I wish to point out a path in which the wayfaring man, though a fool, cannot err; 我希望指出一条道路,即使一个愚笨的旅人也不会走错;not a system to be worked out painfully only to be discarded, not a formal scheme, simply a habit as easy – or as hard! – to adopt as any other habit, good or bad.它不是一个需要苦心经营,却终为人所抛弃的制度,不是一个一个正式的规划,而只是一个习惯,如同其他或好或坏的习惯一样地容易养成——或者一样不容易养成。
A few years ago a Xmas card went the rounds, with the legend,几年前有一种圣诞贺卡十分流行,上面写道,"Life is just one 'denied' thing after another," 生活就是一个接一个的“拒签”which, in more refined language, is the same as saying,用更精炼的语言说,就等于是"Life is a habit,"“生活是一种习惯”a succession of actions that become more or less automatic. 是一系列或多或少地无意识的行为。
This great truth, which lies at the basis of all actions,这一伟大的真理存在于一切生理和心理行为的基础之中muscular or psychic, is the keystone to the teaching of Aristotle,是亚里士多德的教育之要旨,to whom the formation of habits was the basis of moral excellence.对他来说,习惯的养成乃是道德优越之本。

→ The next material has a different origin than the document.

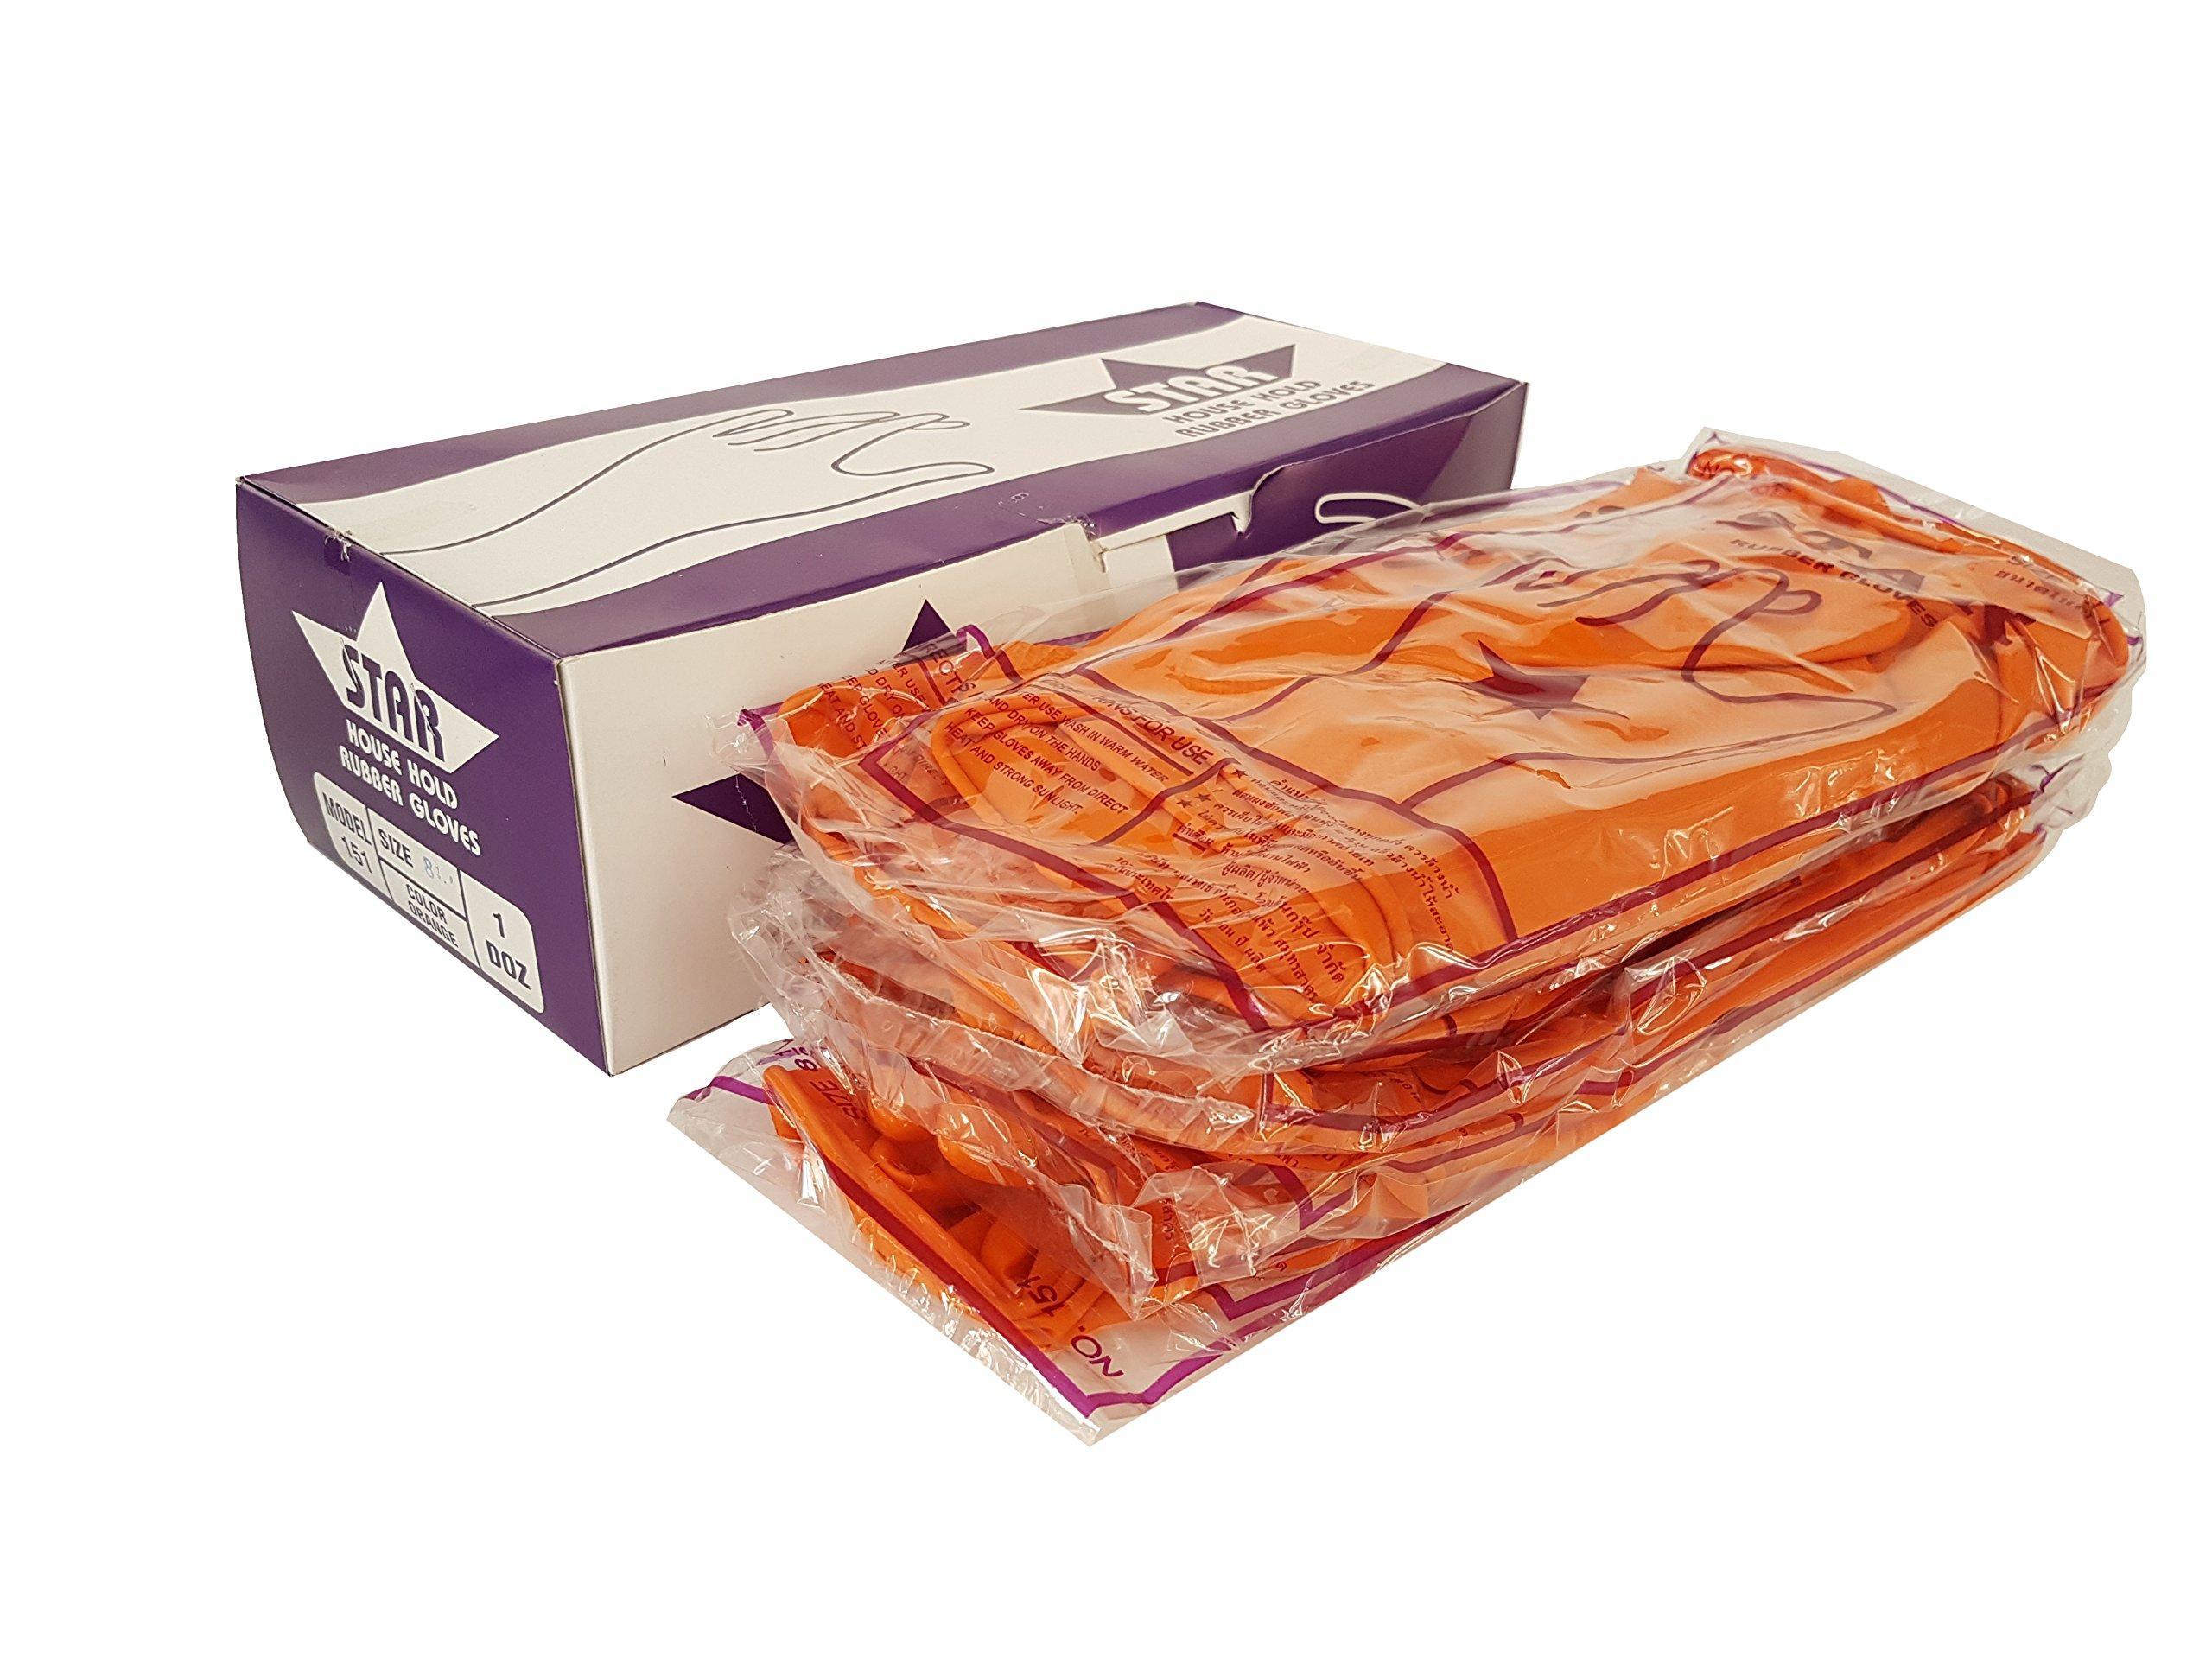 Prasertsteel Orange Rubber Gloves 12 Pack

"In a word, habits of any kind are the result of actions of the same kind; and so what we have to do, is to give a certain character to these particular actions" (Ethics). “”简而言之,任何习惯都是同一种行为的结果;因而我们要做的,就是赋予这些特定行为某种特性。
”(《伦理学》)Lift a seven month-old baby to his feet –see him tumble to his nose. 把一个七个月的婴儿举起来让他双脚站立--他会摔个大头朝地。
Do the same at twelve months –he walks. 同样对一个十二个月的孩子--他能走路了。
At two years he runs. 两岁他就会跑了。
The muscles and the nervous system have acquired the habit. 肌肉和神经系统已经获得了那种习惯。
One trial after another, one failure after another, has given him power. 一次接一次的尝试,一个又一个的失败,这些都赋予他力量。
Put your finger in a baby's mouth, and he sucks away in blissful anticipation of a response to a mammalian habit millions of years old. 把你的手指放进一个婴儿的嘴里,他会带着愉悦的期待,盼望着得到一个百万年孕育出的母性习惯的回应。
And we can deliberately train parts of our body to perform complicated actions with unerring accuracy. 而且我们可以有意地训练我们的部分身体分毫不差地执行复杂的动作。
Watch that musician playing a difficult piece. 看那音乐家演奏一首有难度的作品。